Supplied information:
+---+
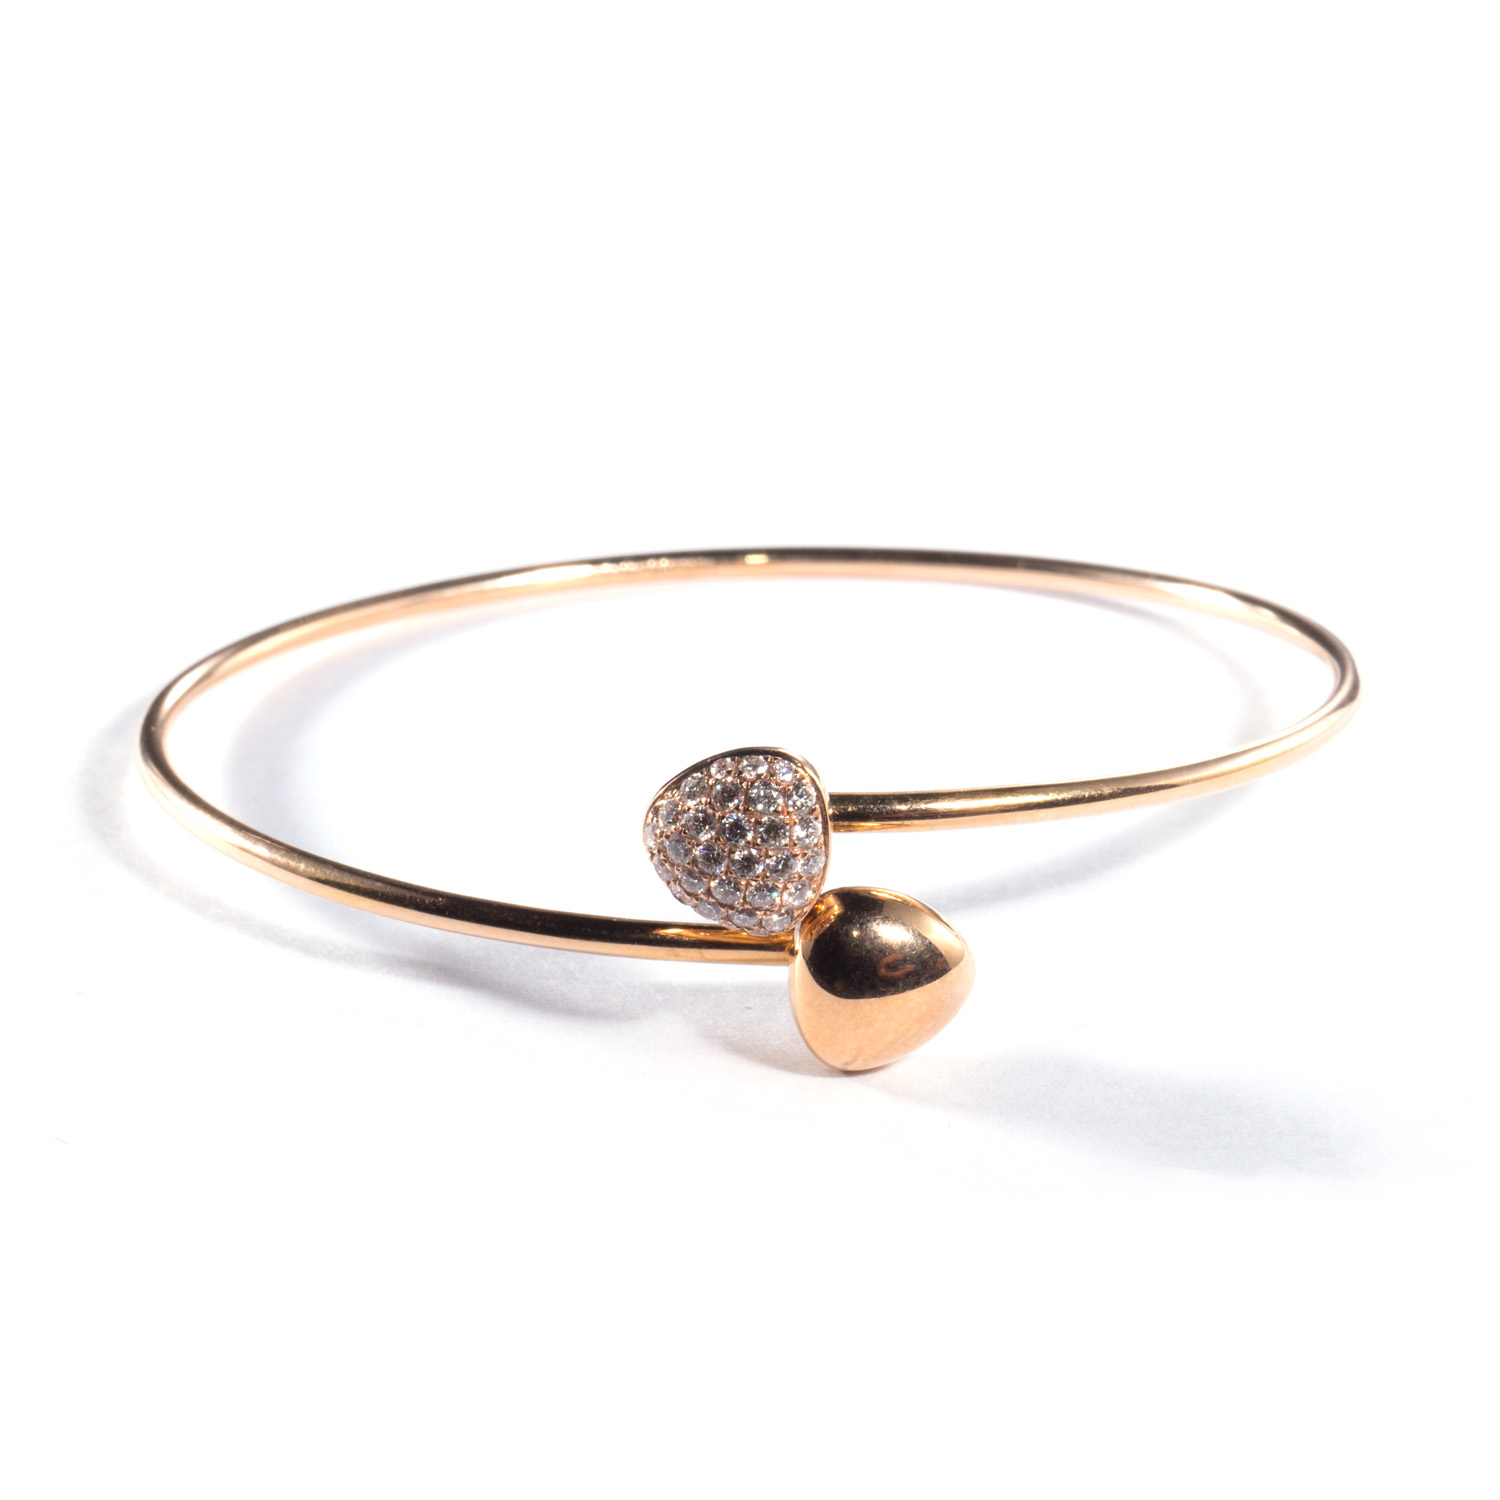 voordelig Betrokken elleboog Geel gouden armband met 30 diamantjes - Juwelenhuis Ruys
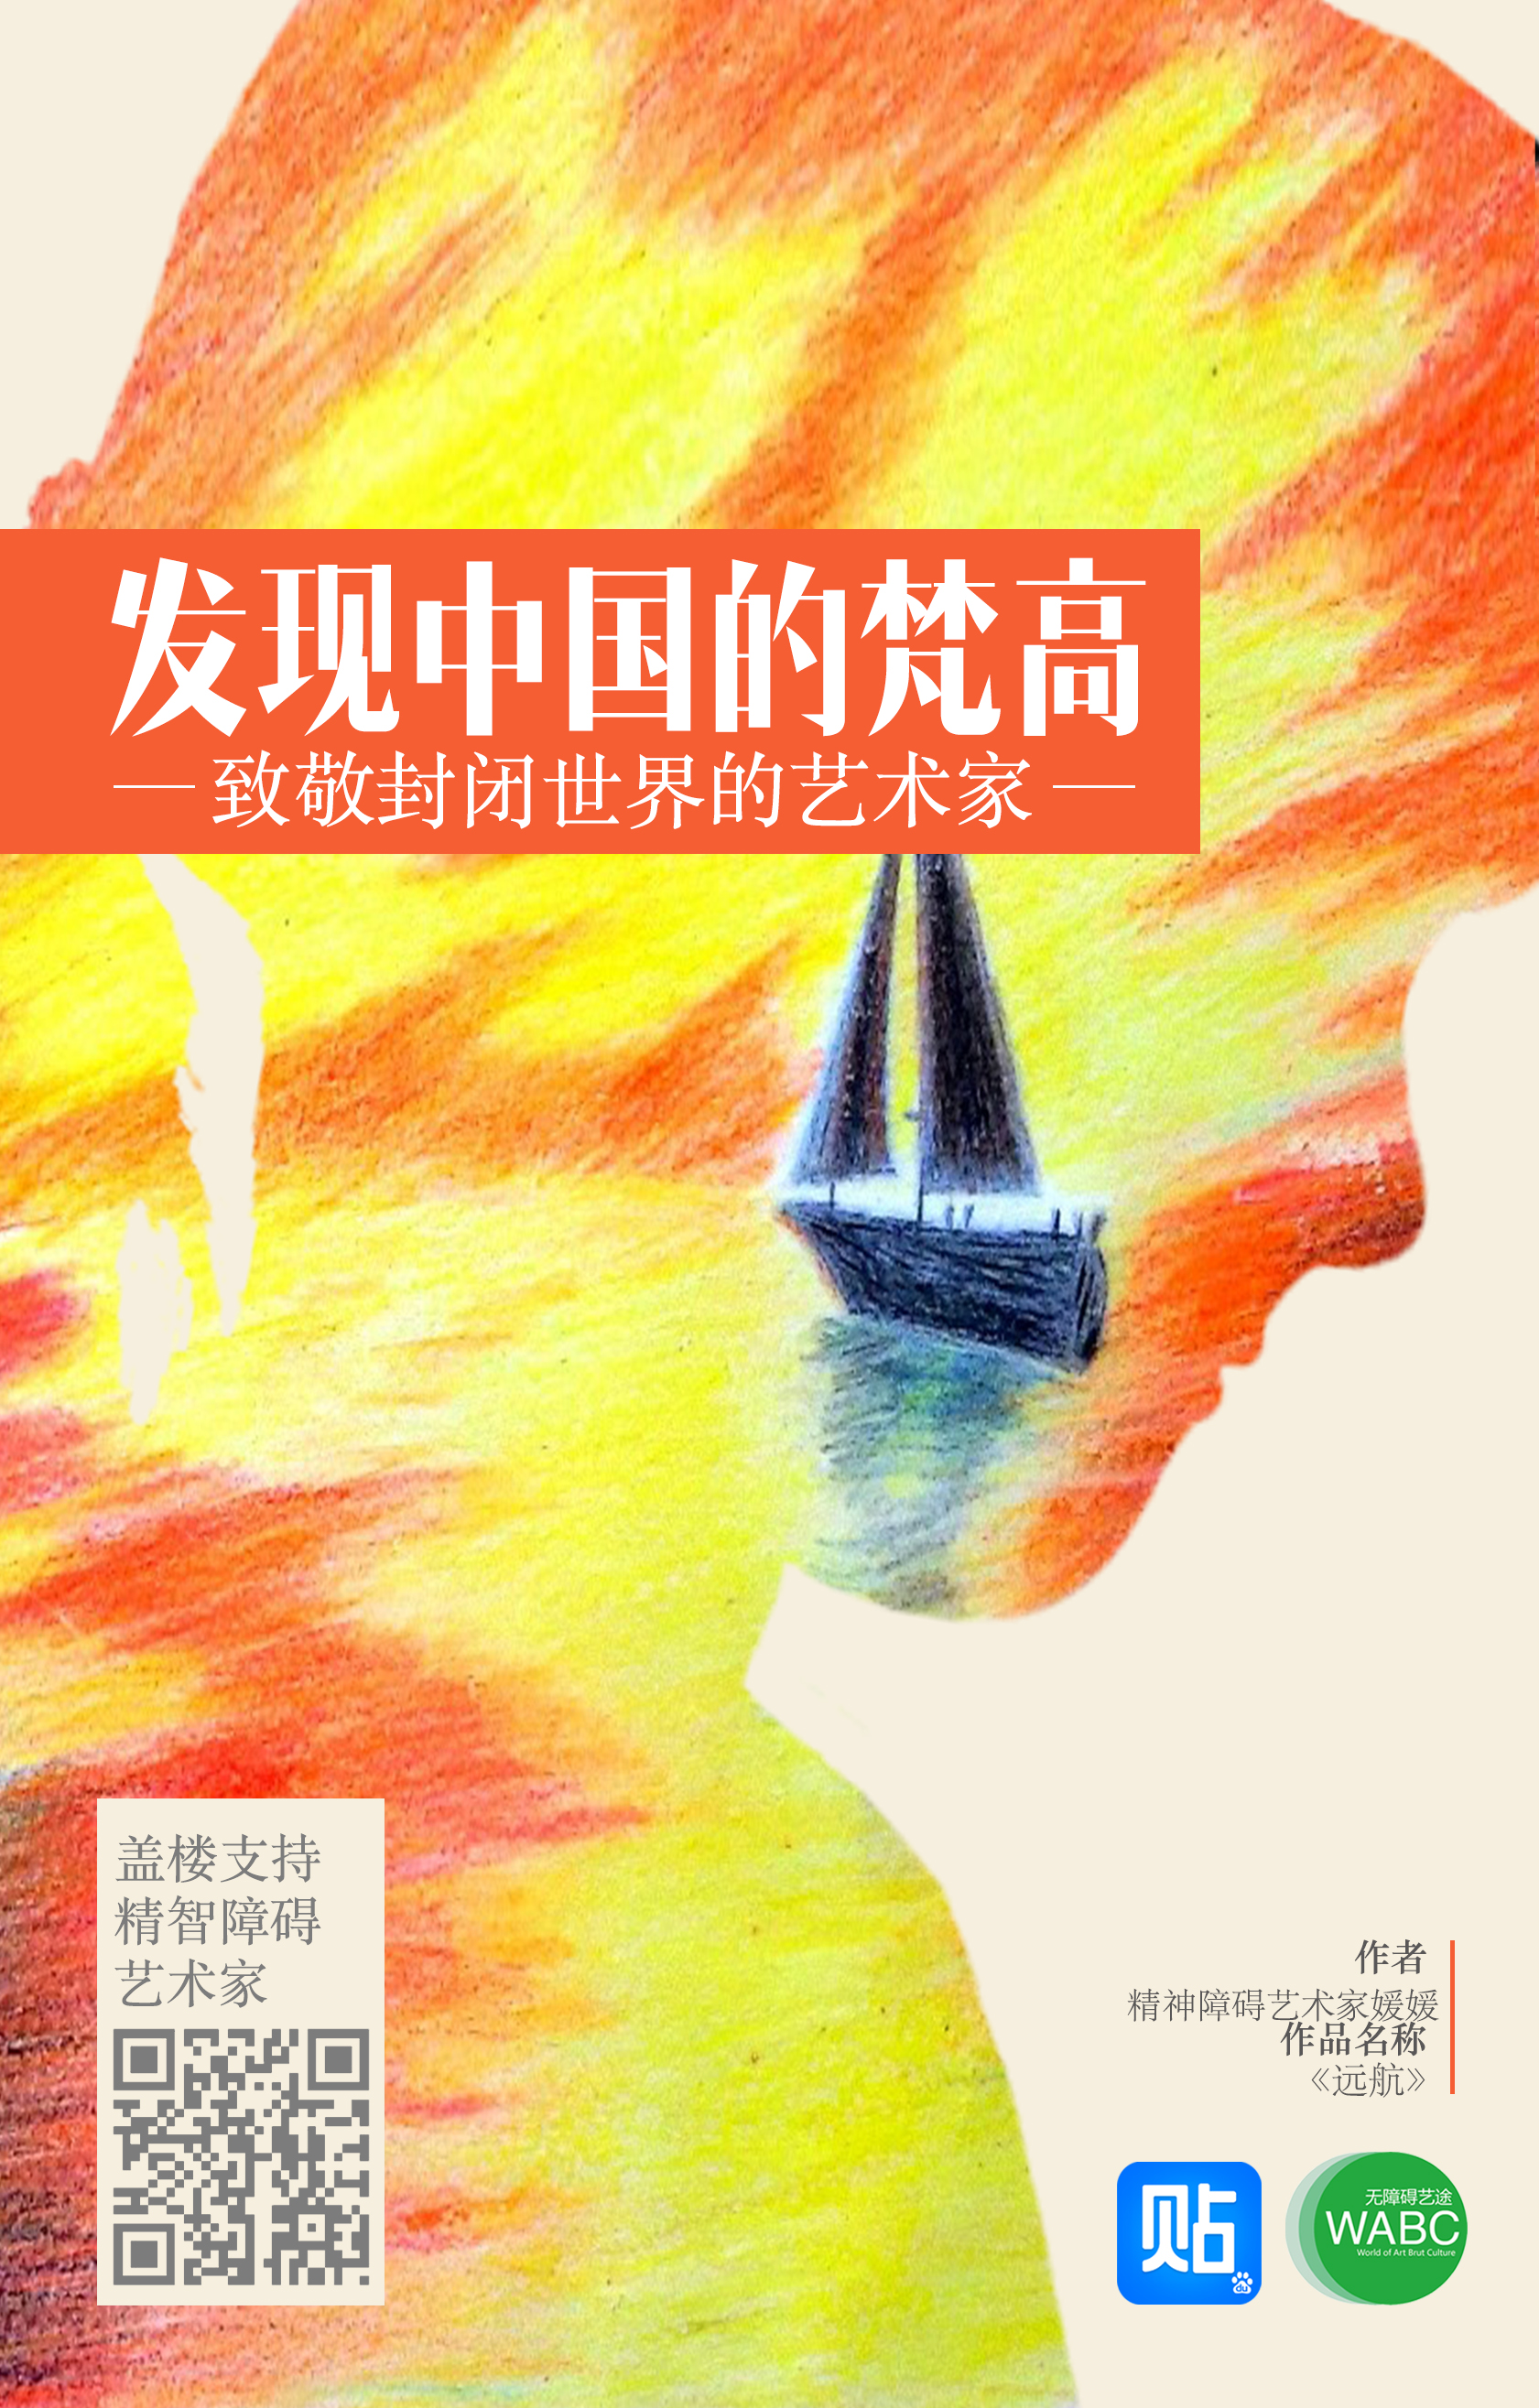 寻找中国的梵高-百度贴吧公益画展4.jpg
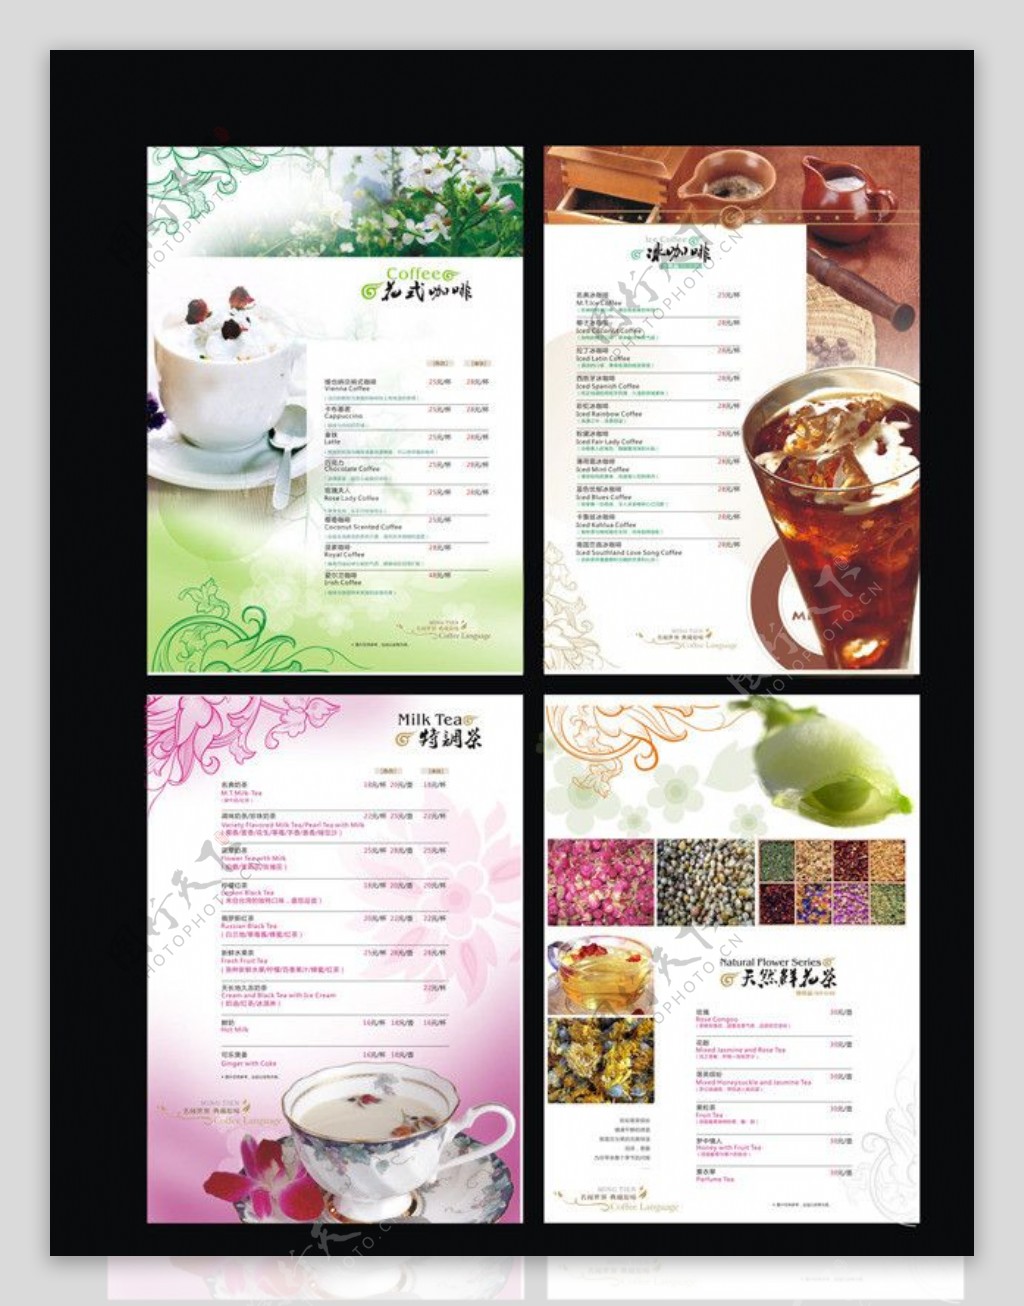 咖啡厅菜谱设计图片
+---+
Copy the listing character for character, pictures omitted.

Response for this exercise:
 voordelig Betrokken elleboog Geel gouden armband met 30 diamantjes - Juwelenhuis Ruys
 寻找中国的梵高-百度贴吧公益画展4.jpg
 咖啡厅菜谱设计图片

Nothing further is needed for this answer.